In addition to OMG Ponies' answer: if you need to query slices for all persons, you'll need partition by:
SELECT s.sliceid
, s.personid
FROM (SELECT t.sliceid,
t.personid,
t.detail3,
LAG(t.detail3) OVER (
PARTITION BY t.personid ORDER BY t.startdt
) prev_val
FROM t) s
WHERE (s.prev_val IS NULL OR s.prev_val != s.detail3)
I think you'll have better luck with the LAG function:
SELECT s.sliceid
FROM (SELECT t.sliceid,
t.personid,
t.detail3,
LAG(t.detail3) OVER (PARTITION BY t.personid ORDER BY t.startdt) 'prev_val'
FROM TABLE t) s
WHERE s.personid = 101
AND (s.prev_val IS NULL OR s.prev_val != s.detail3)
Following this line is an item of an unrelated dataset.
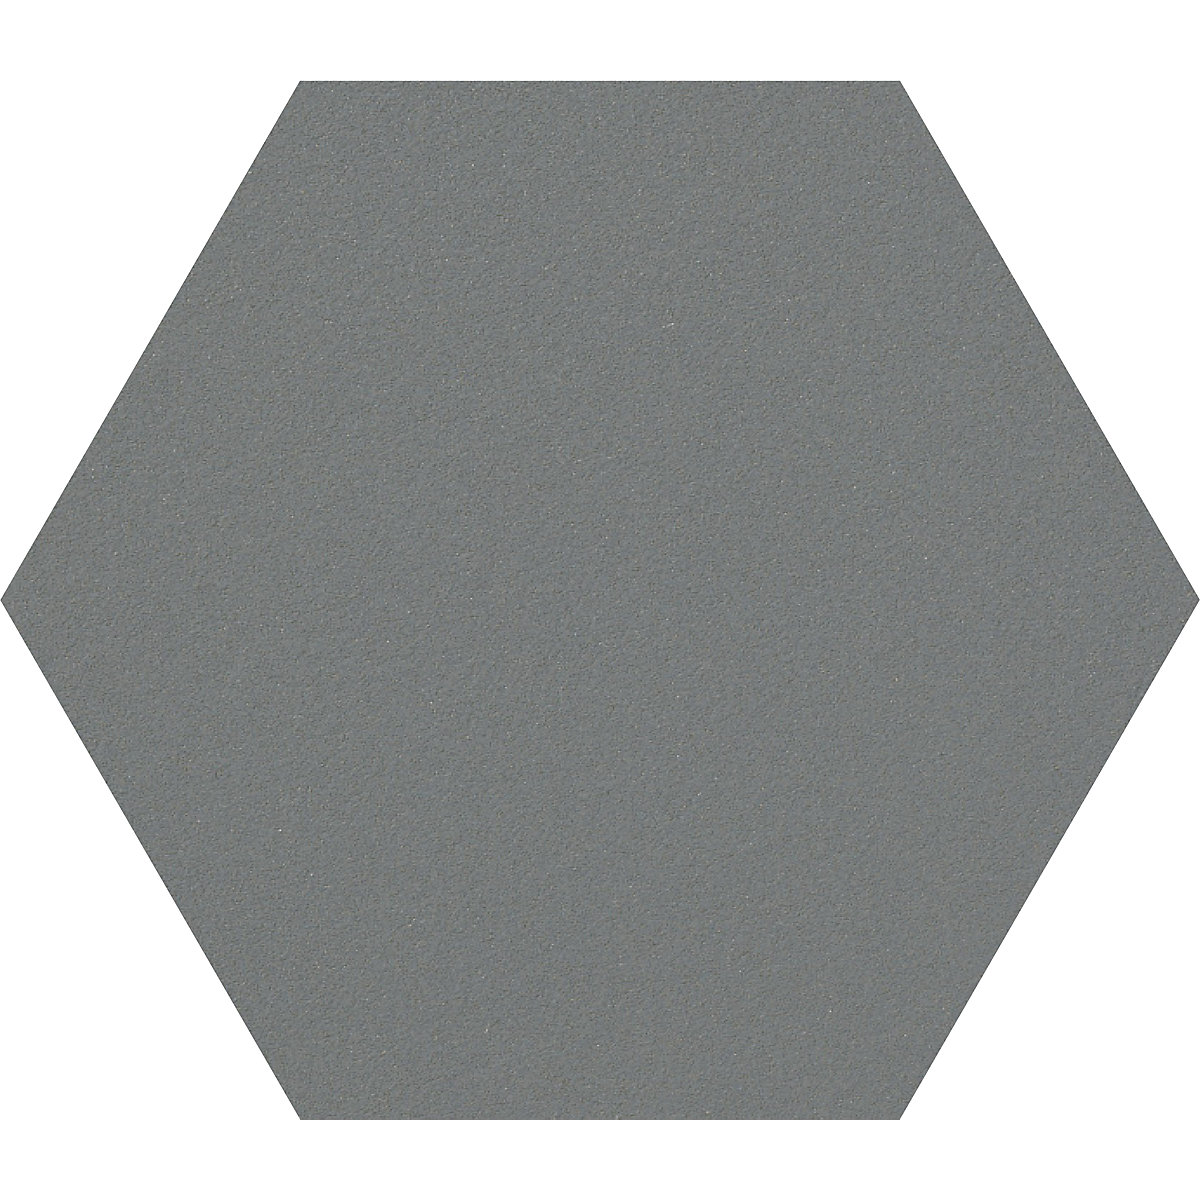 Tablón hexagonal de diseño para chinchetas – Chameleon, corcho, A x H 600 x 600 mm, gris oscuro-31

Subquery Factoring alternative:
WITH slices AS (
SELECT t.sliceid,
t.personid,
t.detail3,
LAG(t.detail3) OVER (PARTITION BY t.personid ORDER BY t.startdt) 'prev_val'
FROM TABLE t)
SELECT s.sliceid
FROM slices s
WHERE s.personid = 101
AND (s.prev_val IS NULL OR s.prev_val != s.detail3)